President Donald Trump abandoned the plan of action in 2018, despite fellow signatories China, the European Union, France, Germany, Russia and the United Kingdom continuing to support it. He claimed it did not go far enough and failed to address Tehran's alleged support for militant groups and its development of missile technology, imposing new unilateral sanctions designed to undermine the Iranian economy.

In October 2020, however, the U.N. arms embargo on Iran is set to expire in what Secretary of State Mike Pompeo deemed last week a "countdown to terror," as he warned Iran would be "unleashed to create new global turmoil." On Wednesday, a day ahead of Banitarafi's remarks at MAKS, the State Department announced new sanctions on "nine entities and individuals based in Iran and one entity based in Hong Kong for supporting Iranian proliferation-sensitive procurement efforts," including those linked to Iran's Aviation Industries Organization.

"The Iranian regime continues to foment regional conflicts, develop and proliferate ballistic missiles, hold foreign citizens hostage, brutalize its own people, and sponsor terrorism on an unprecedented scale. It is also expanding its uranium enrichment-related activities," the statement said, adding, "The United States will continue to increase pressure on the Iranian regime until it changes its behavior."

On the anniversary of the U.S.' exit from the nuclear deal and amid the Pentagon's decision to send additional forces to the Middle East, Iran announced it would begin enriching uranium beyond the limit set out in the 2015 nuclear deal, claiming that Europe had failed to live up to its end of the agreement because of the threat of the Trump administration's sanctions. A spat of unrest and heightened tensions in the Persian Gulf immediately followed as Washington and Tehran hardened their opposing stances.

#Iran unveiled its newest cruise missile in MAKS 2019, the International Aviation and Space Show in #Russia

— Tasnim News Agency (@Tasnimnews_EN) August 27, 2019

International restrictions on doing business with Iran's defense industry has hindered the country's ability to update an aging air fleet. Iran's air force currently consists mostly of aging Soviet-era aircraft and a few remaining Western-made planes purchased before the 1979 Islamic Revolution. Western countries first imposed sanctions following the revolt and subsequent overthrow of Iran's monarchy, which was backed by the U.S. and the U.K., with its current clerical leadership. Iran has, however, begun to develop its own warplanes and other aspects of the country's defense industry have seen even greater successes.

Despite its limited air fleet, Iran has managed to develop the Middle East's largest and most advanced missile arsenal. Banitarafi's organization unveiled a new cruise missile drone called Mobin at the MAKS event on August 27, and also recently introduced two new air defense systems, the Bavar-373 and Khordad-15. Another Iranian system, the Khordad-3, shot down a state-of-the-art, high-flying U.S. drone amid a peak in frictions in the strategic waterways of the Persian Gulf in June.

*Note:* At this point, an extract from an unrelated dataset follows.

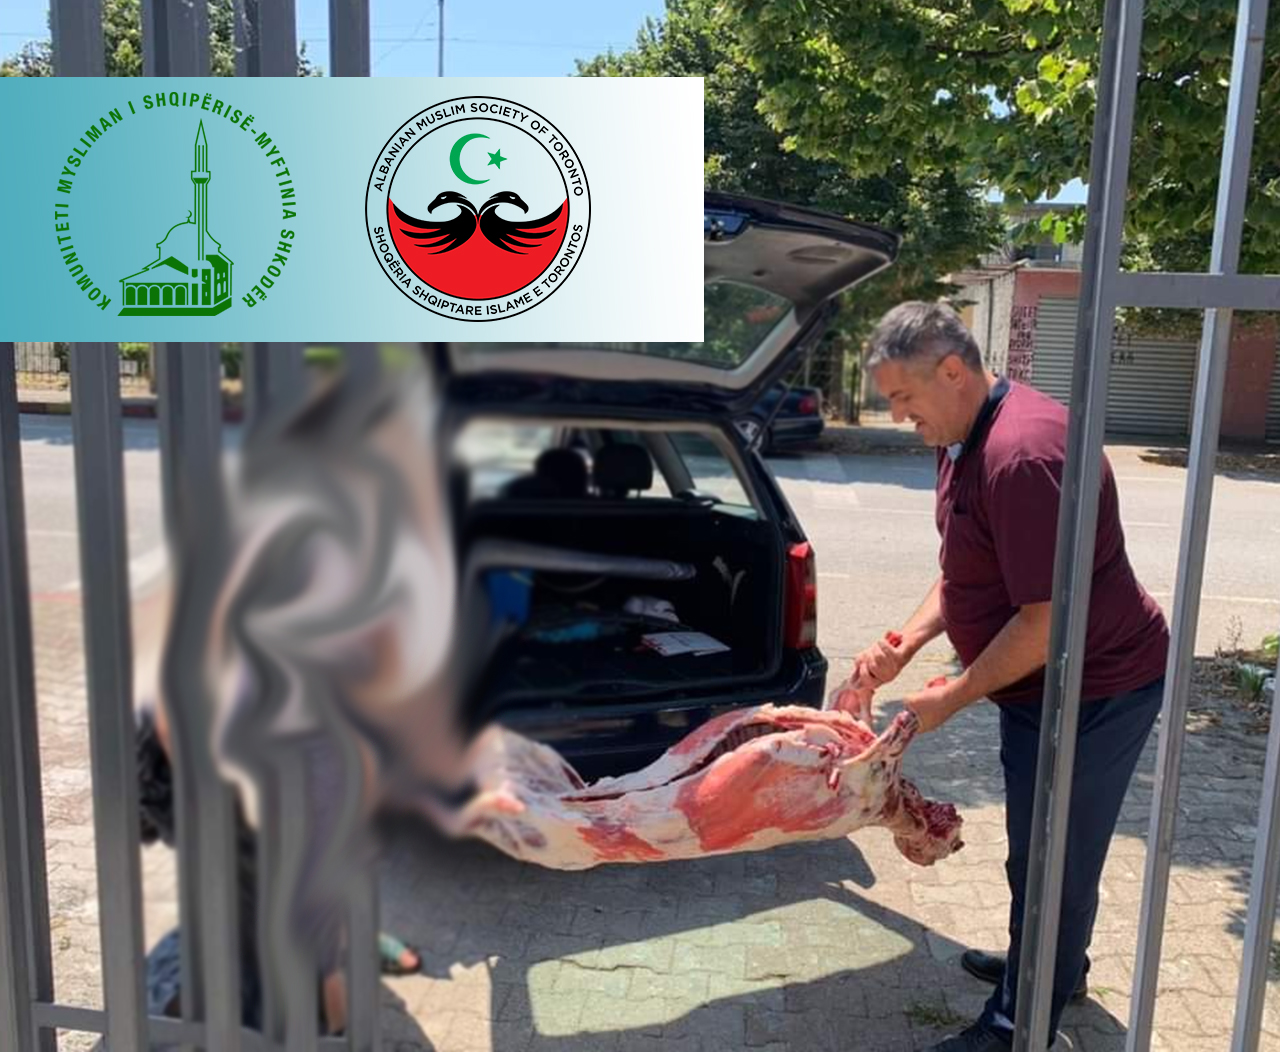 Shoqëria Shqiptare Islame e Torontos dhuron kurbanet e saj për zonën e Bushatit dhe të Barbullushit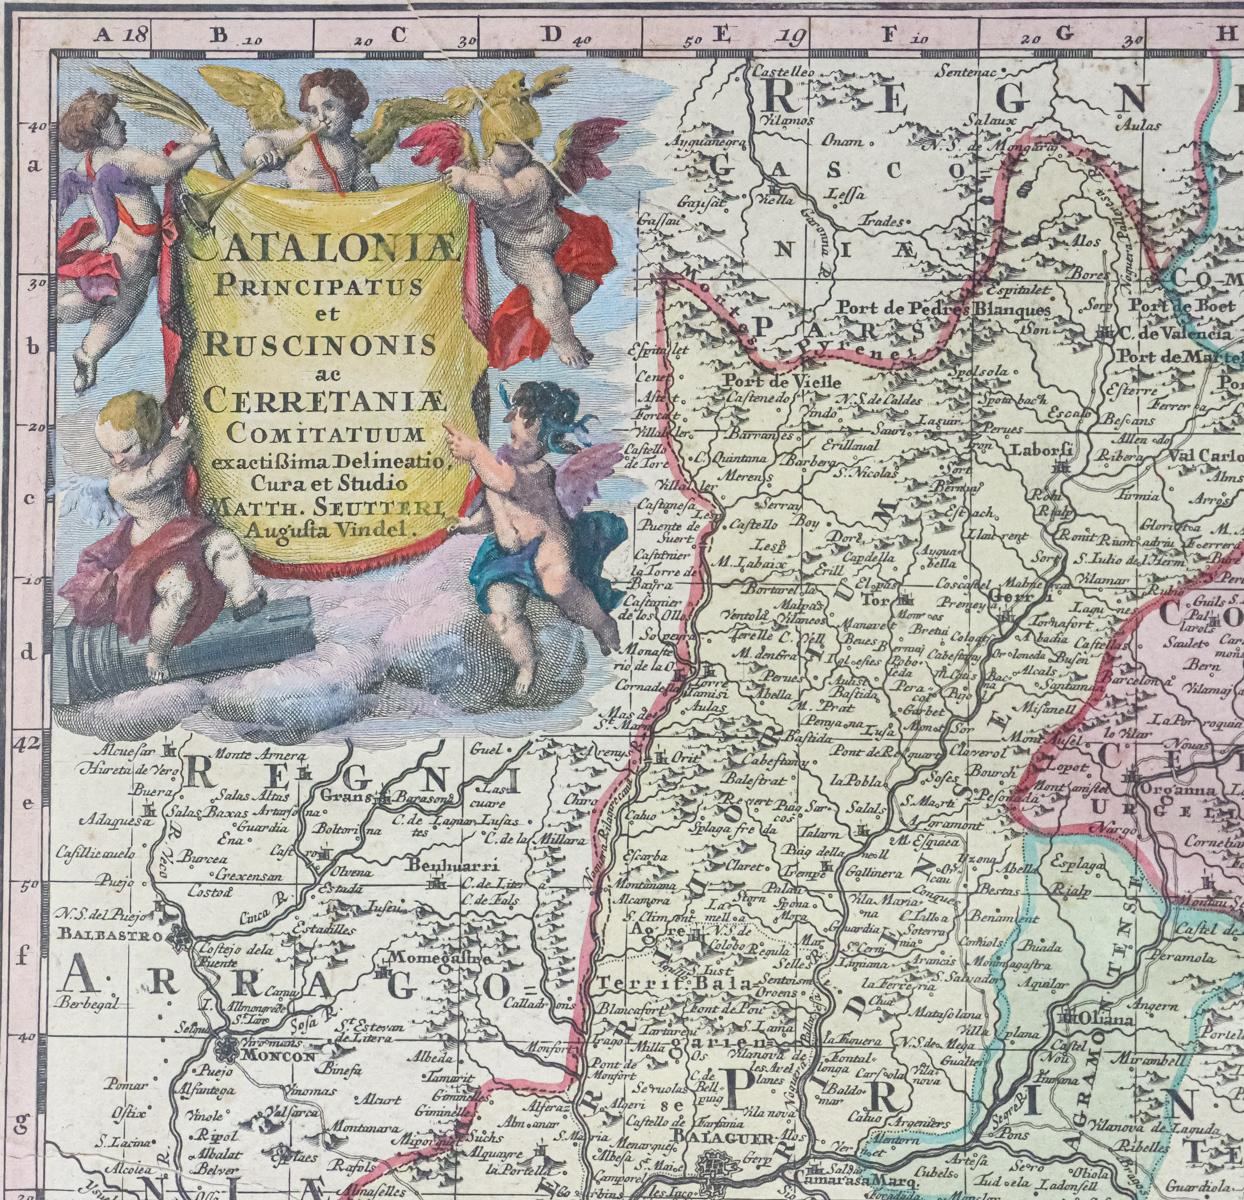 MAPA ALEMÁN "CATALONIAE PRINCIPATUS ET RUSCINONIS" 1735

This incident and others involving foreign oil tankers in the region have prompted the U.S. to form a maritime security group, rallying an alliance that so far includes Australia, Bahrain and the U.K. Iran has rejected the project and has attempted to bolster regional ties with nearby Arab states such as Iraq, Kuwait, Oman, Qatar and the United Arab Emirates in an effort to secure greater regional cooperation.

Russia and China have backed Iran's diplomatic initiatives and have resisted U.S. sanctions as they too faced economic pressure over opposing policies. As French President Emmanuel Macron attempted to broker a meeting between Trump and Iranian President Hassan Rouhani at the G-7 summit, Russian Foreign Minister Sergey Lavrov said Moscow "will be ready to help achieve" a breakthrough in the ongoing standoff.